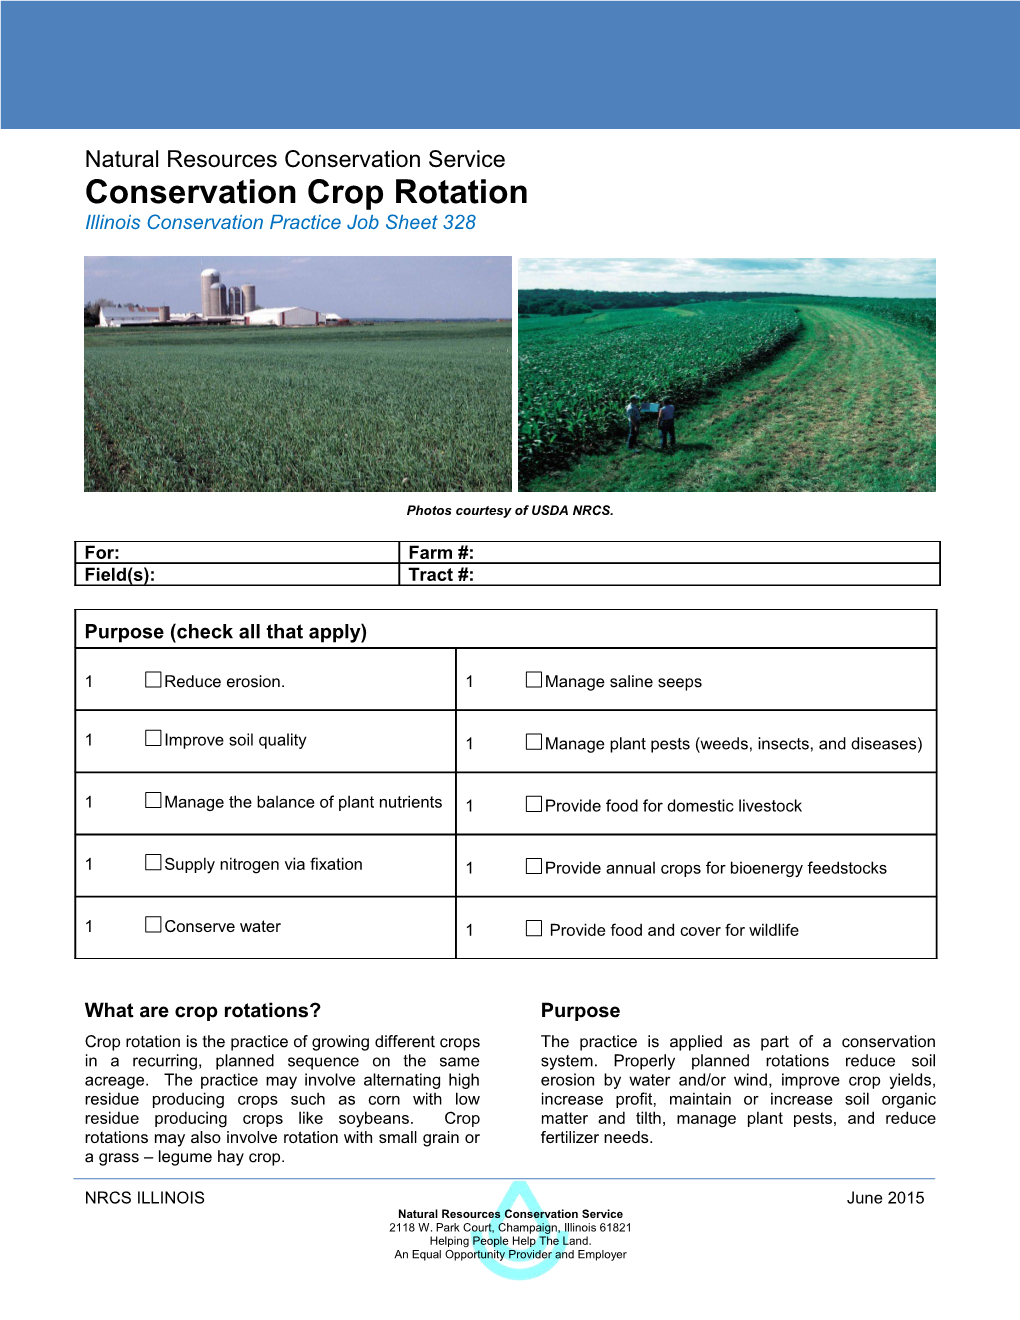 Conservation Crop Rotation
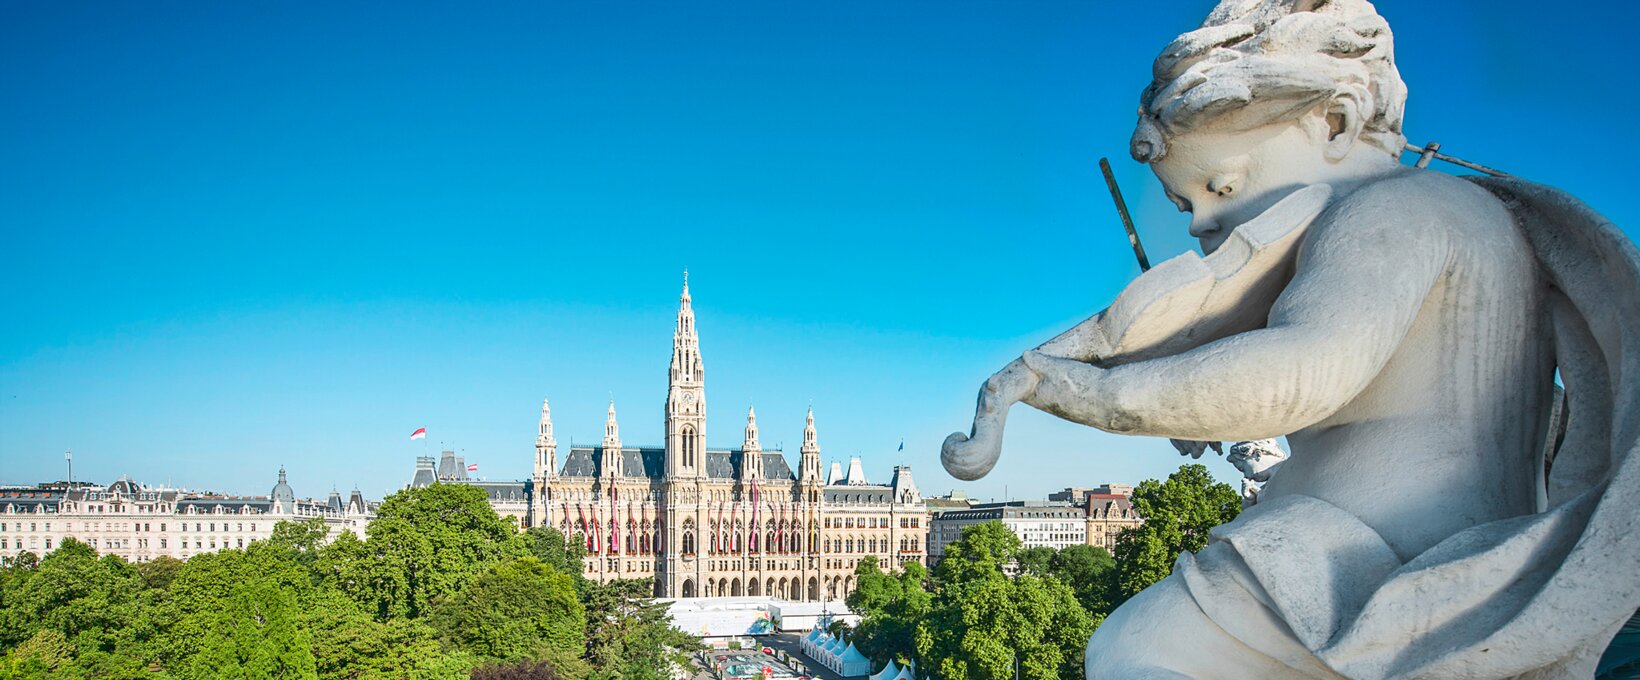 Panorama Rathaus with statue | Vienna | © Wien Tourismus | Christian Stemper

-*-*-

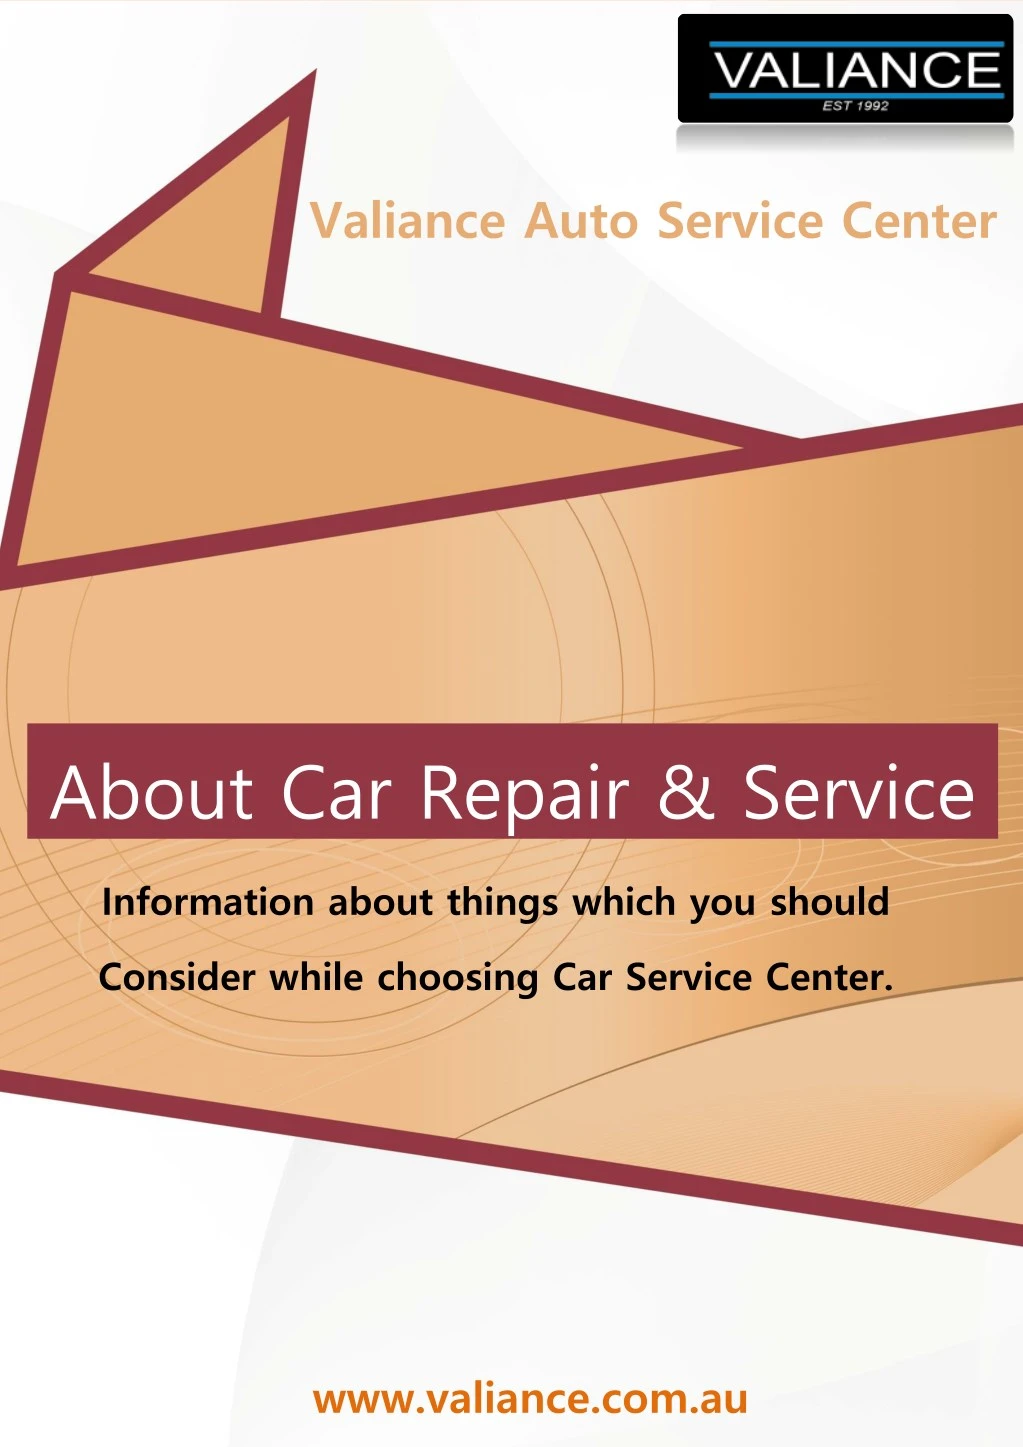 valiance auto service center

-*-*-

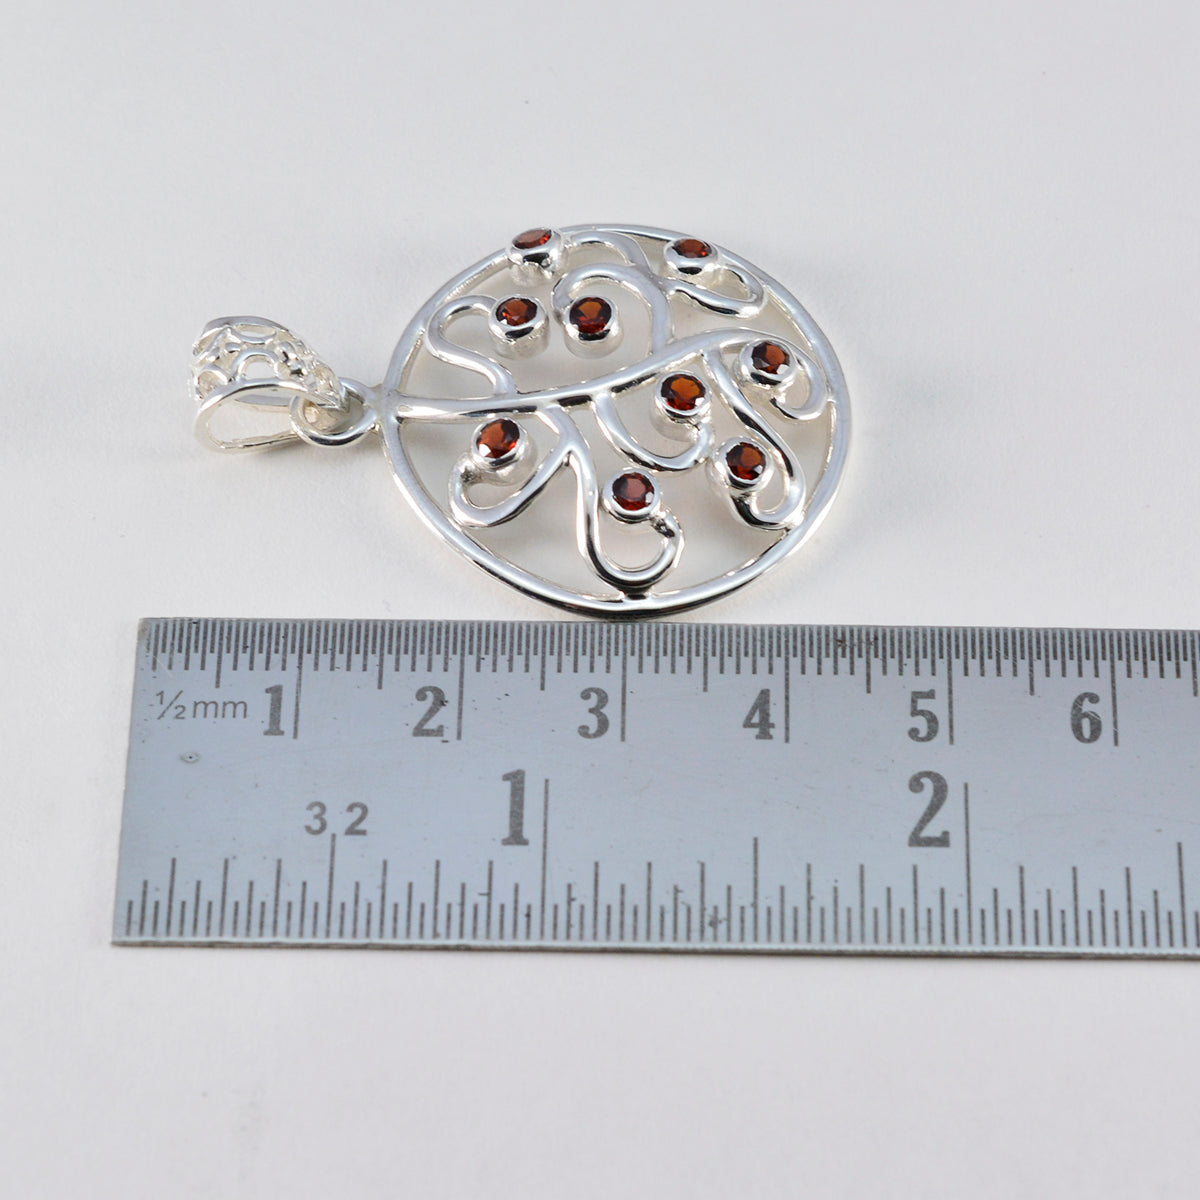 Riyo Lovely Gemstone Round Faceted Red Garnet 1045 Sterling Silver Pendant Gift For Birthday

-*-*-

> [PROBLEM STATEMENT] Take the entries above and copy exactly the lines starting at the one with "Conservation Crop Rotation" and ending at the one with "Panorama Rathaus with"; nothing outside that span, and no pictures.

> [TASK RESULT]
 Conservation Crop Rotation
 Panorama Rathaus with statue | Vienna | © Wien Tourismus | Christian Stemper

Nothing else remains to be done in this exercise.